The velocity and pressure fields were measured beneath the Eurostar train and are reported in reference [10]. The velocity traces are similar to those described above and are not shown here. The pressure trace is shown in figure 15, both for the entire train and for the first quarter of the train. One unit of normalised time represents the passage of one carriage of the train. These are ensemble averages of 20 nominally identical train passes. A prominent nose maxi-mum and minimum can be seen in both traces that is similar to those shown in section 2.1. However regular minima are also seen along the vehicle that seem to be associated with the passage of the middle of each coach between the bogies. A tail peak can also be seen. From the Eurostar velocity data it was also possible to obtain autocorrelation functions, and thus the integral length scales and time scales. The length scales were found to be between 1.8 and 2.0m, and the time scales between 0.02 and 0.03 seconds. These values are rather smaller than those for the side boundary layer, as may be expected because the flow is significantly con-strained.

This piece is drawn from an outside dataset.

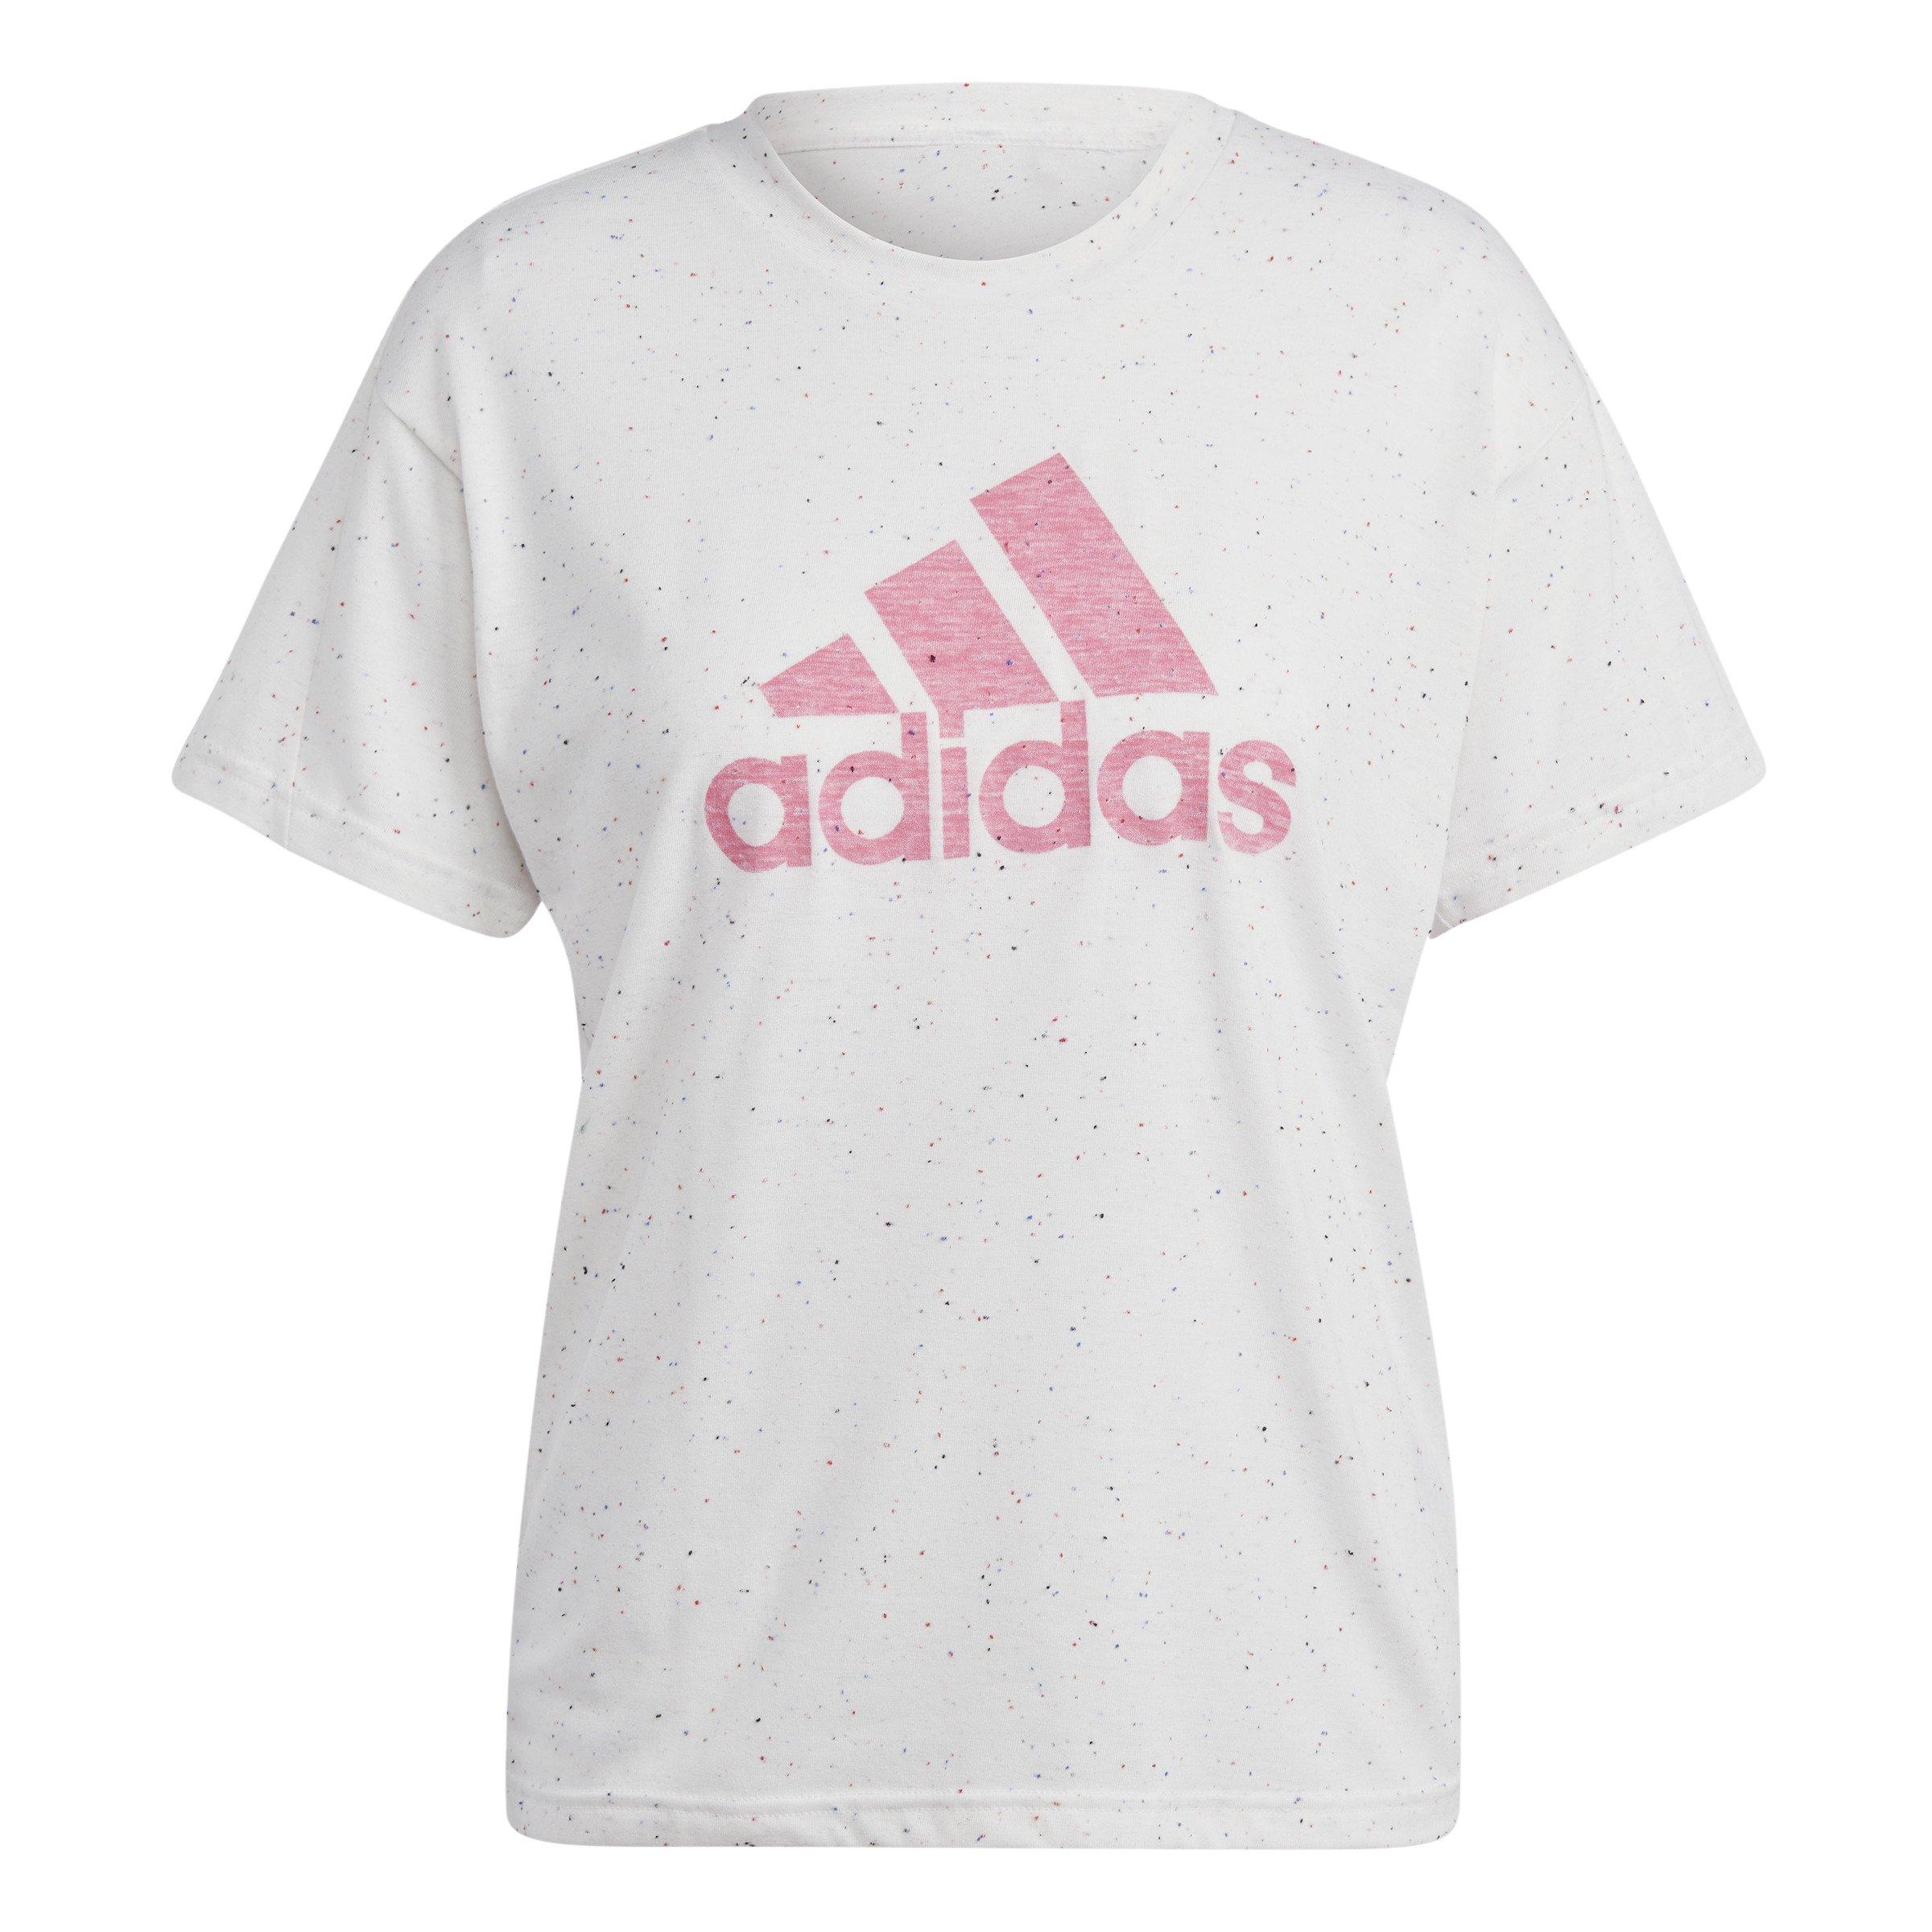 adidas Women\'s Future Icons T-Shirt - Winners White

The flow field beneath a full scale 16 car Shinkansen test train and a three car wind tunnel model are reported in [11]. The wind tunnel tests were carried out with a moving ground belt beneath the middle car only, and this may have some influence on the results that are shown in figure 16 below. The results of figure 16 look rather different to those of figure 14, but this is because of the frame of reference that is used and in fact they are identical in form. Those of figure 16 show clearly the inflexion point profile that could only be inferred from figure 14. There is good agreement between the model scale and full scale data. Reference [11] also goes on to look at a number of different underbody geometries bogie fairings etc and shows that the underbody flow is, unsurprisingly, quite sensitive to geometric changes.

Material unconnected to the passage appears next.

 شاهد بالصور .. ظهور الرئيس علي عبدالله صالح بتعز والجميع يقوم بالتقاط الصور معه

Finally, similar information is also presented for tests on the ICE in [12]. However the ve-locity profile information has been normalised in an arbitrary way, and is not amenable for comparison with the other results presented here. It is also of interest to note that the ballast flying problem has also driven wind tunnel and computational research on the flow in and around bogies [11], [12]. This work is at an early stage, and is very challenging both experi-mentally and computationally, with the results being very sensitive to both the experimental set up and the computational configuration (including the turbulence model). Further progress can be expected in this area in the future.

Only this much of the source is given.